Some people will make that claim whatever you do. I wouldn't worry about it
too much if I were you.

------
dpifke
Rather than agonize over the similarity between the sites, is there a way to
differentiate yours? Doing an exercise like the strategy maps in "Blue Ocean
Strategy" comes to mind as something that might be worthwhile.

Features != user experience. Two sites can have exactly the same feature set
but their value and popularity can be determined by completely different
factors.

I should also note that you have a huge opportunity here: if his/your feature
sets are that similar, you can observe how folks are using those features
before even launching. You've essentially gotten some free market research
with which to refine your product before you have a userbase to complain about
changes.

------
pasbesoin
I had this happen, at the idea stage. Not that I necessarily would have
proceeded, anyway, but it caused me further hesitation.

A year+ later, the "competitor" site has not taken off.

There is concept and design. Then there is also execution. If you believe you
can exceed in execution, this, in my mind, is a valid reason to proceed. Just
keep in mind that your target market is not yours alone, and that this may
influence your chances of success. If you are still willing to proceed, I
don't see an "ethical" issue here, as long as you're not simply viewing the
competitor and ripping everything off.

If you are concerned about perception, you might (I'm not sure about this,
both from a marketing perspective and from a legal perspective) simply explain
where your product comes from and why you are doing it. People will believe
you or they won't, but being straight-forward and proactive in this might pre-
emptively blunt some criticism.

I wouldn't mention or would be cautious in describing your competitor's
decline to cooperate; it might sound negative and/or reactionary on your part.
Focus on what is motivating you and what you hope to achieve.

------
gommm
I have been in the same situation a few months ago and after much thinking and
hand wringing, I decided to create the website but focus on markets in other
languages.

Since then, from developing my idea for the japanese market I got a completely
new idea that is easy to develop using the same code and for which there is
currently no competition.

So, I think that you should try to develop your site and try to see if you can
differentiate your site by either targeting another market (other countries)
or create a spinoff for a different kind of field.

------
tokenadult
My thought is that you haven't described the situation very specifically, but
if you came up with an idea for a website with Feature Set {item1, item2,
item3, . . . } and did all the coding yourself, you aren't plagiarizing
anybody. You're just attempting to solve a problem someone else is attempting
to solve too. The users will decide whom to do business with.
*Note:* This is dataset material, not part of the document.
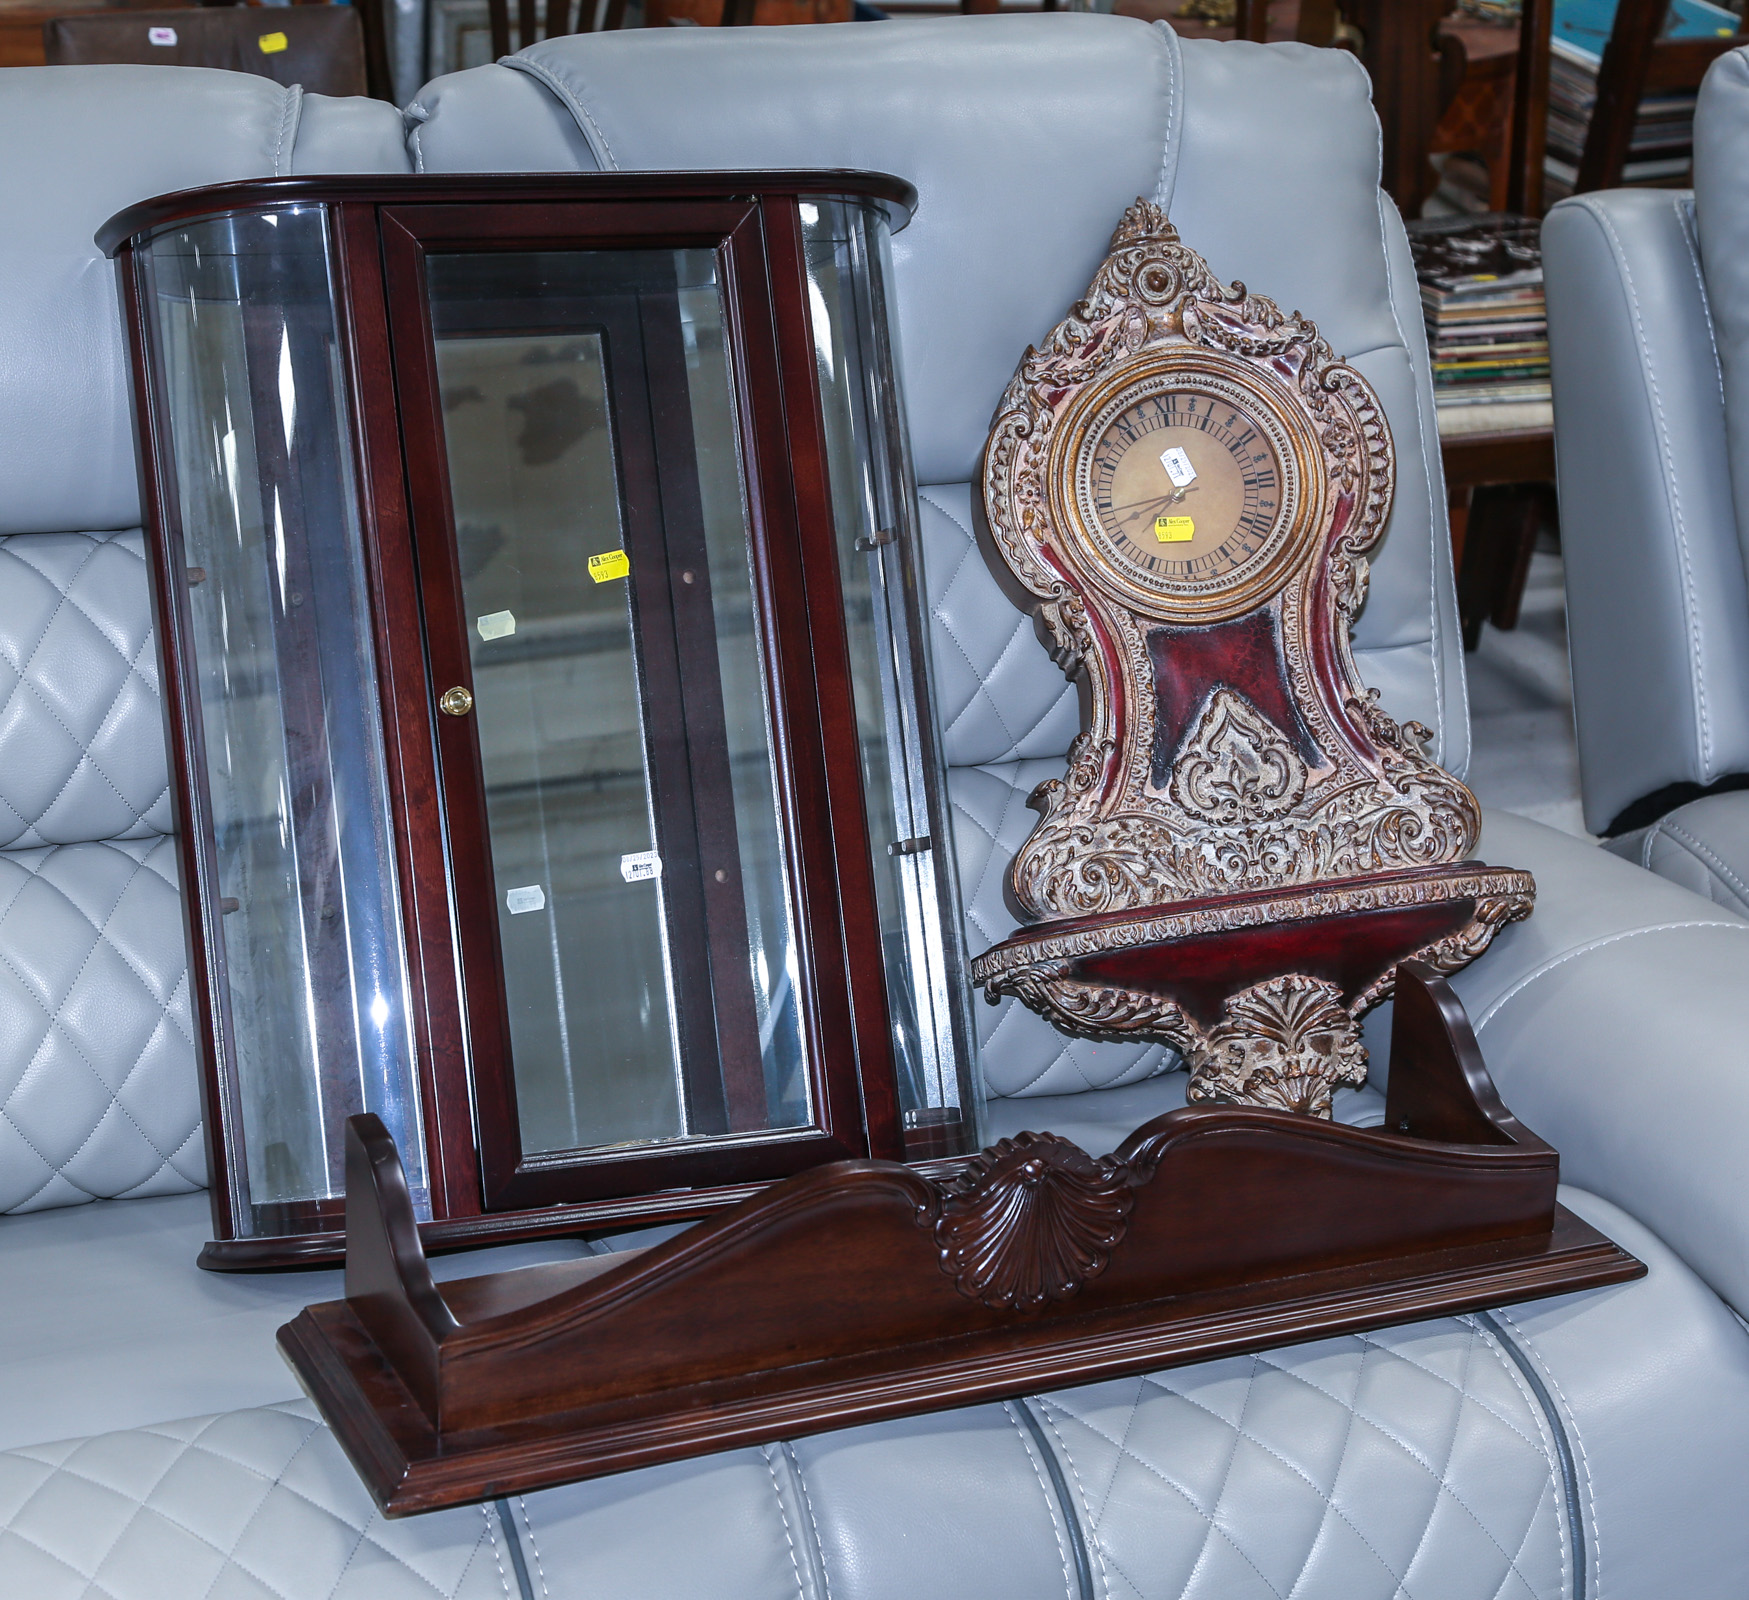 A WALL CLOCK MANTLE PIECE DISPLAY 3cb3be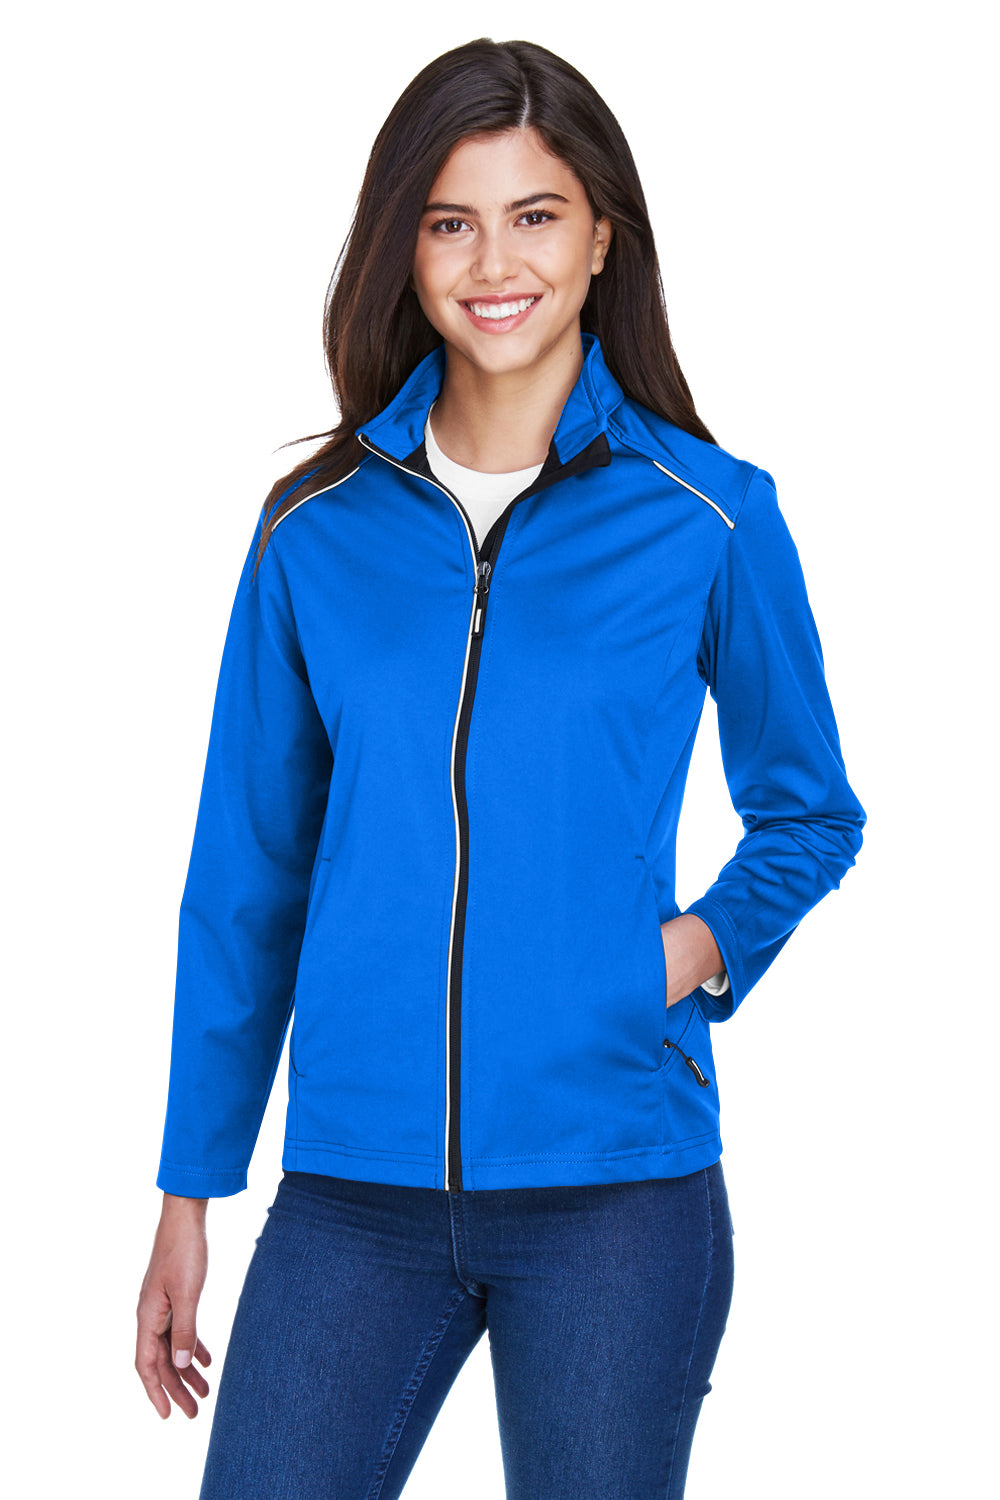 Core 365 CE708W Womens Techno Lite Water Resistant Full Zip Jacket Royal Blue Front

Trademark and copyright are distinct issues, but you haven't mentioned
anything that would raise a trademark or copyright issue.

------
mixmax
Just do it.

You haven't plagiarized anthing, you only became aware of it after having
thought up your own idea.

In fact don't even feel bad about it - _good artists borrow, great artists
steal_ \- Steve Jobs.

------
ars
I would email him again saying: "I had exactly that idea myself, and I see
that you did too. I really want to implement it. Are you sure we can not
collaborate? Because I really want to do this and if we can't collaborate I
will go it alone."

Emailing him in the first place was a bad idea, because he has more ammunition
to claim you copied him. But you did it already, so you might as well go all
the way.

------
callmeed
Go for it. As another commenter said, it's called "competition". Coke/Pepsi,
Ford/Chevy, etc.

Design your site to look better than his

If it's a paid app, you can beat him on price–or charge more and beat him on
quality of features and service

Consider dropping one feature that he has, and adding one that he doesn't–even
if it's trivial, it could help you differentiate.

------
oldwesley
Competition.